Reading three books together to bone up on some technical work-related stuff:
Detection of Light (Reike), States of Matter (Goodstein) and Solid State and Semiconductor Physics (McKelvey)
Physics is much more interesting when it doesn't involve an hour of scribbled overheads at 9AM and you aren't getting tested on it!

bkr


venus
 
I'm just reading Vampire Armand by Anne Rice


randya
 
Any recommendations for that guy?

Do you know if in fact he did write the story that became the film Eternal Sunshine of the Spotless Mind?

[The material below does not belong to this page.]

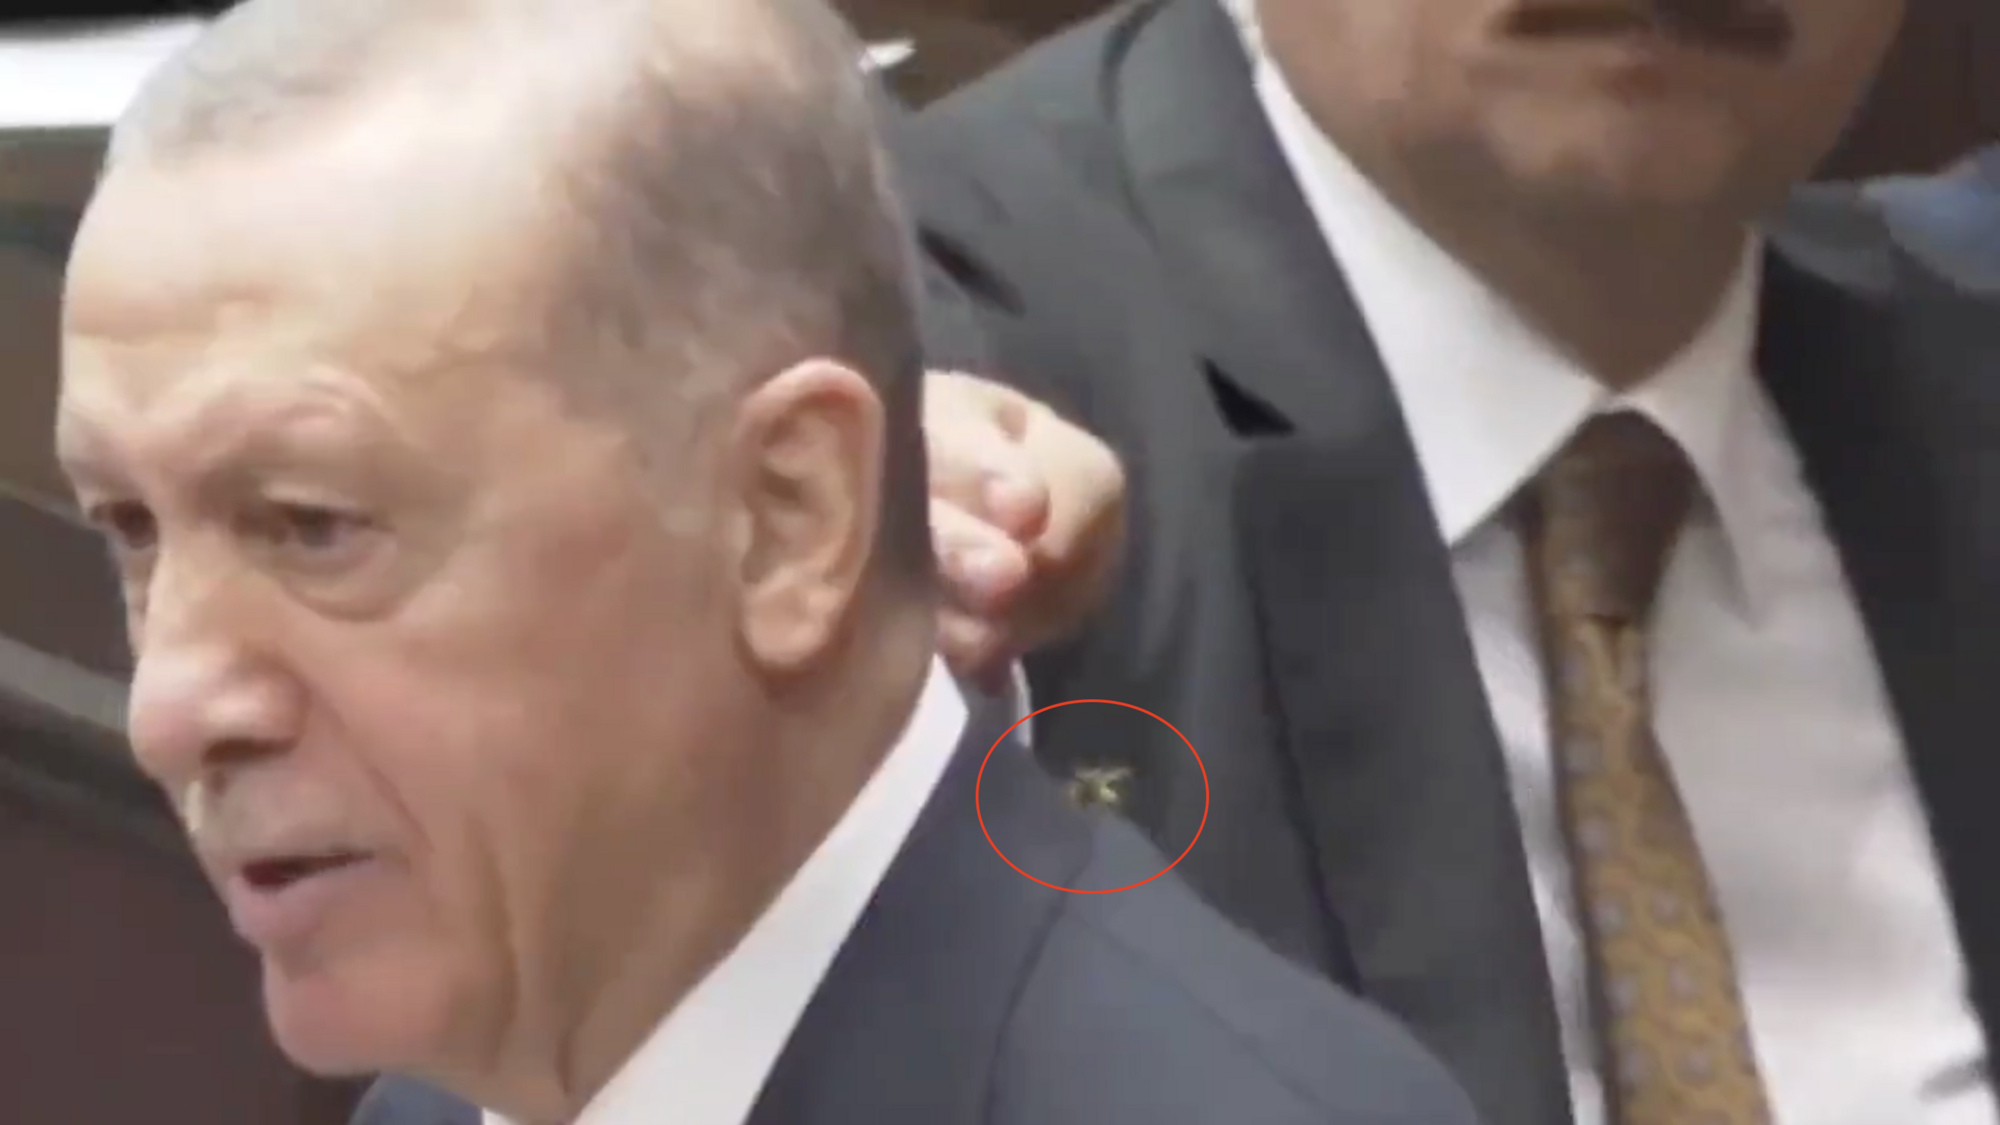 Ochroniarz Erdogana profesjonalnie wyeliminował osę, która wylądowała na ramieniu prezydenta. Wideo ciekawostka

I don't think Phillip Dick wrote Eternal Sunshine - the Internet Movie Database says it was written by Charlie Kaufman, who also wrote Being John Malkovitch

see: http://www.imdb.com/title/tt0338013/

Phillip Dick did write the stories that later became the movies Blade Runner, Total Recall and Minority Report.

Look for his older Sci-Fi stuff, like The Three Stigmata of Palmer Eldridge. I'd give you more titles but my web server at work is blocking me from searching on the word 'Dick' :rolleyes:


randya
 
Sean Murphy - The Hope Valley Hubcap King


skitbraviking
 
Still working on War and Peace which I will finish (hopefully) by the first week of August. It's very detailed and not a whole lot happens but there are pounds and pounds of character description and there are some cool characters, like a dragon lady and a bad boy or three and manipulating courtesians. He takes a whole lot of time to cover a mass movement, i.e. major historical wars, but manages to include it's effects on the lives of individuals. Good stuff.


Prosody
 
I can't go on, I'll go on.

Waitresses?


lala
 
A sad but entertaining read: Lives of the Monster Dogs, by Kirsten Bakis

A postmodern Mary Shelley, taking the parable of Frankenstein's monster several giant steps farther, might have written this fable of a novel about a tragic race of monster dogs--in this case, genetically and biomechanically engineered dogs (of several major breeds). Created by a German mad scientist in the 19th century, the monster dogs possess human intelligence, speak human language, have prosthetic humanlike hands and walk upright on hind legs. The dogs' descendants arrive in New York City in the year 2008, still acting like Victorian-era aristocrats. Most important, the monster dogs suffer humanlike frailties and, ultimately, real suffering more serious and affecting than the subject matter might at first glance suggest.


jim-bob
 
I can't go on, I'll go on.


Waitresses?

Beckett.


Prosody
 
The Unnamable. I'm familiar with Beckett's plays, but not his novels. Another book to put in the cue. The Waitresses' song Go On includes an allusion to this novel.

Lyrics here (http://www.hardcafe.co.uk/waitresses/wasnt_lyrics.htm)


jim-bob
 
His novels are every bit as cheerful as his plays. Exciting, too.